Figure 4 presents the split of family groups in a schema that shows the results of thoroughly analyzing the allocation of families in groups. The most relevant features that have been identified, varying from one cluster to another, can be seen. As an example, data are split in G1 and G2 based on the features “Repackaging” and “Standalone.” The complete lists of families assigned to each one of the groups are presented in Figures 5 and 6. Malware families are allocated in the same group as they are associated to similar characteristics and behaviour, and therefore there could be similar ways to deal with them.

Figure 4: Schematic clustering and relevant features from BHL projection.
Figure 5: Families allocation in Group 1 and relevant features identified in BHL projection.
Figure 6: Families allocation in Group 2 and relevant features identified in BHL projection.

Based on the analysis of BHL results, the most relevant features, in decreasing order of importance, are “Repackaging” and “Standalone,” “Boot" and “Activation: SMS,” and “Financial Charges: SMS.”

BHL clearly outperforms other algorithms used in previous works [24, 29], providing a clearer visualization of the internal structure of the dataset. Groups obtained by BHL are more compact and well defined than the groups generated by other EPP techniques in the previous work.

In addition to the BHL experiments, experiments with DTs were additionally conducted in order to compare and validate the obtained results. As it has been previously mentioned, 3 different splitting functions have been applied in present paper: Gini, Deviance, and Twoing. In addition, 3 different criteria for selecting split features have been applied: Standard, Curvature, and Interaction.

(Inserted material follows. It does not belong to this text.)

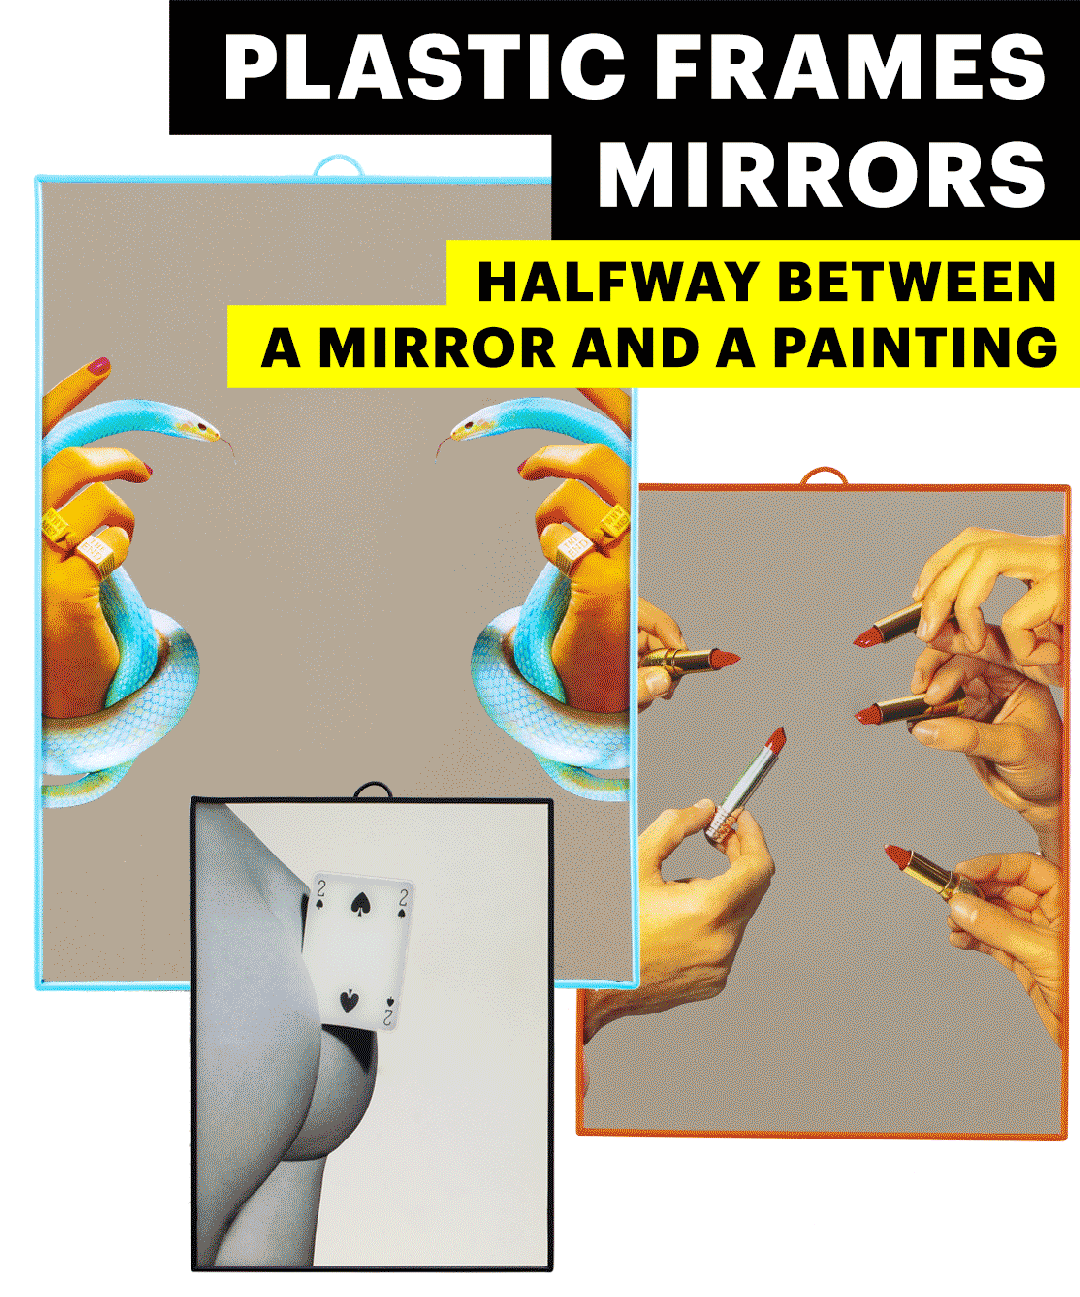 mirrors_plastic2

As an example, one of the obtained DTs is shown in Figure 7. This is the tree generated from the Malgenome dataset when applying the standard CART split criteria and the Deviance function. It has been selected as it is the one with lowest depth. In the leaf nodes, labels refer to family numbers (alphabetically ordered as presented in Section 2.3).

Figure 7: DT obtained with standard CART split criteria and Deviance function.

To show the most interesting results from the different alternatives to build DT, information has been summarized in Table 2. For each combination of splitting function and selecting criteria, the minimum depth of decision nodes linked to each one of the original features is shown. That is, when the same feature appears in more than one node, the minimum depth of all these nodes is the one selected for the given feature. In the case a certain feature was not included in the DT, there is no value.

Table 2: Summary table of DT results: minimum depth of decision nodes for each one of the original features.

In this table it can be seen that results (slightly or significantly) vary when comparing the obtained results (by different splitting function and selecting criteria) for a certain feature. As general conclusions cannot be derived and to sum up all figures, the average depth value is calculated for each feature, that is, further analyzed.

When analyzing Figure 4 and Table 2, it can be seen that results from BHL and DT are coherent. In the case of BHL, it can be seen that Repackaging is identified as the most discriminative feature, because the two main groups in the dataset (G1 and G2) take complementary values for such feature. Coherently, Repackaging is the feature with the lowest mean depth, being included in all the generated trees. Furthermore, it was selected for the root node of 3 DTs. When analyzing subgroups in BHL projection (Figure 3), it can be seen that BOOT is the feature that drive the split in 1st-level subgroups (subgroups G1A and G1B in the case of group G1, and subgroups G2A and G2B in the case of group G2). In keeping with this idea, according to DTs results, Boot is the second feature with the lowest mean depth. For the next level of importance, the BHL projection identifies Financial Charges SMS and Activation SMS as the features that best explain the split in different subgroups. The two of them are also selected by DTs as ranked in the first half of features with a lowest mean depth, although some other features take lower values.

Additionally, from the DTs results (Table 2), Privilege escalation-Ginger Break and Remote control-SMS can be identified as the least relevant features. The former was not included in 7 (out of 9) DTs while the latter was not included in 6. Furthermore, Remote control-SMS is the feature with a highest value of the average depth, taking a value of 9. It means that these features are almost useless when characterizing malware families.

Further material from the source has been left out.